The order says the Defense Department should provide available housing for immigrant families and should construct such facilities “if necessary and consistent with law.” The order also directs the heads of all executive departments and agencies to make appropriate facilities available to house the immigrants.

The order also directs Attorney General Jeff Sessions to ask a federal court to modify a 1997 consent decree to allow DHS to detain the immigrant families together the entire time that criminal or immigration proceedings are pending. The consent decree, and a subsequent federal appellate decision interpreting it, require immigrant children to be released or transferred to a licensed facility within a reasonable period, set presumptively at 20 days.

Families were being separated because the parents were being transferred to federal criminal custody pending a court hearing for illegal entry, which is a misdemeanor for a first-time offense. The Trump administration had instituted the prosecutions as part of its zero-tolerance policy.

ABA President Hilarie Bass applauded the president’s decision to sign the order and called on the government to quickly reunite families. “The ABA pledges its full support in working within the legal community to make this happen,” Bass said in a statement.

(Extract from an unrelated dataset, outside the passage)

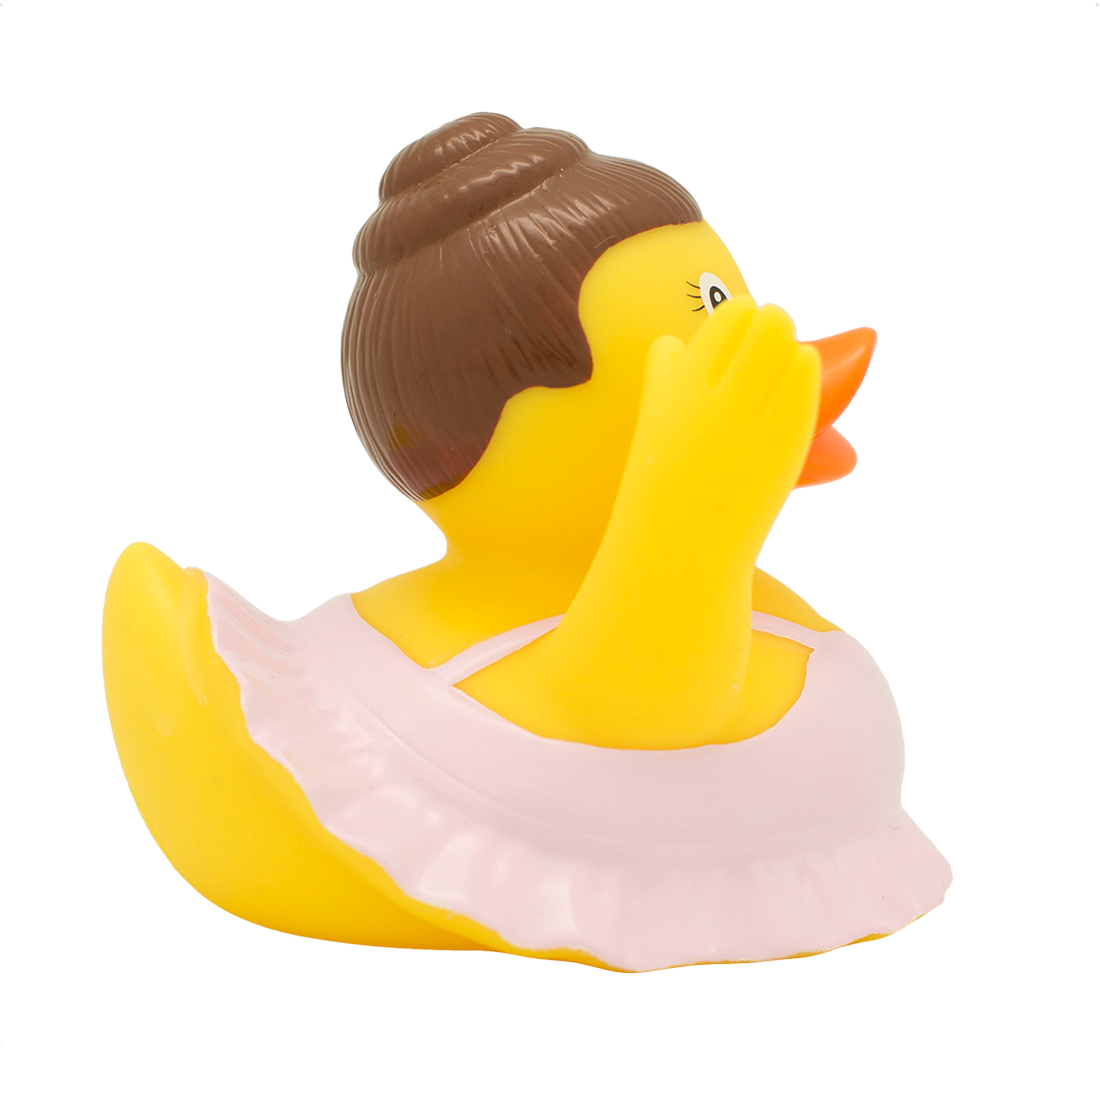 Star dancer duck

Bass called the executive order “a first step” and said comprehensive and just immigration reform is still needed. The ABA opposes detention of noncitizens except in extraordinary circumstances and favors the least restrictive alternative to ensure appearance in immigration proceedings, she said. Families should not be detained, she said, absent an individualized determination of flight or security risk.

If families are detained, visits should be allowed by independent observers, friends and families, Bass said. Detainees should also receive legal information explaining the process and rights.

The ABA also supports government-funded counsel to represent indigent people in removal proceedings.

Bass is directing lawyers who want to volunteer to this resource page.

News about the executive order developed throughout the day.

The first reports, which relied on anonymous sources, said DHS Secretary Kirstjen Nielsen was drafting the executive order, in consultation with White House lawyers. The Associated Press broke the news. More news coverage followed, including stories by the New York Times and Politico.

Nielsen has previously said there is no policy to separate families, but it is required by the federal court decisions. Parents were separated from their children and transferred to criminal custody for prosecution for illegal entry.

White House aides told the Times that Trump was aware his actions could lead to court battles over alleged violations of the consent decree.

The American Civil Liberties Union had previously filed a suit seeking to prevent family separations. ACLU executive director Anthony Romero indicated the organization wasn’t satisfied with Trump’s plans.

“This executive order would replace one crisis for another,” Romero said in a statement before details of the order were made public. “Children don’t belong in jail at all, even with their parents, under any set of circumstances. If the president thinks placing families in jail indefinitely is what people have been asking for, he is grossly mistaken.”

Story updated at 1:10 p.m. to include more information on possible lawsuits and the ACLU statement; updated at 2:20 p.m. to report that Trump has signed the order; updated at 3 p.m. to report on directives in the order. Story updated at 4:40 p.m. to include the ABA statement.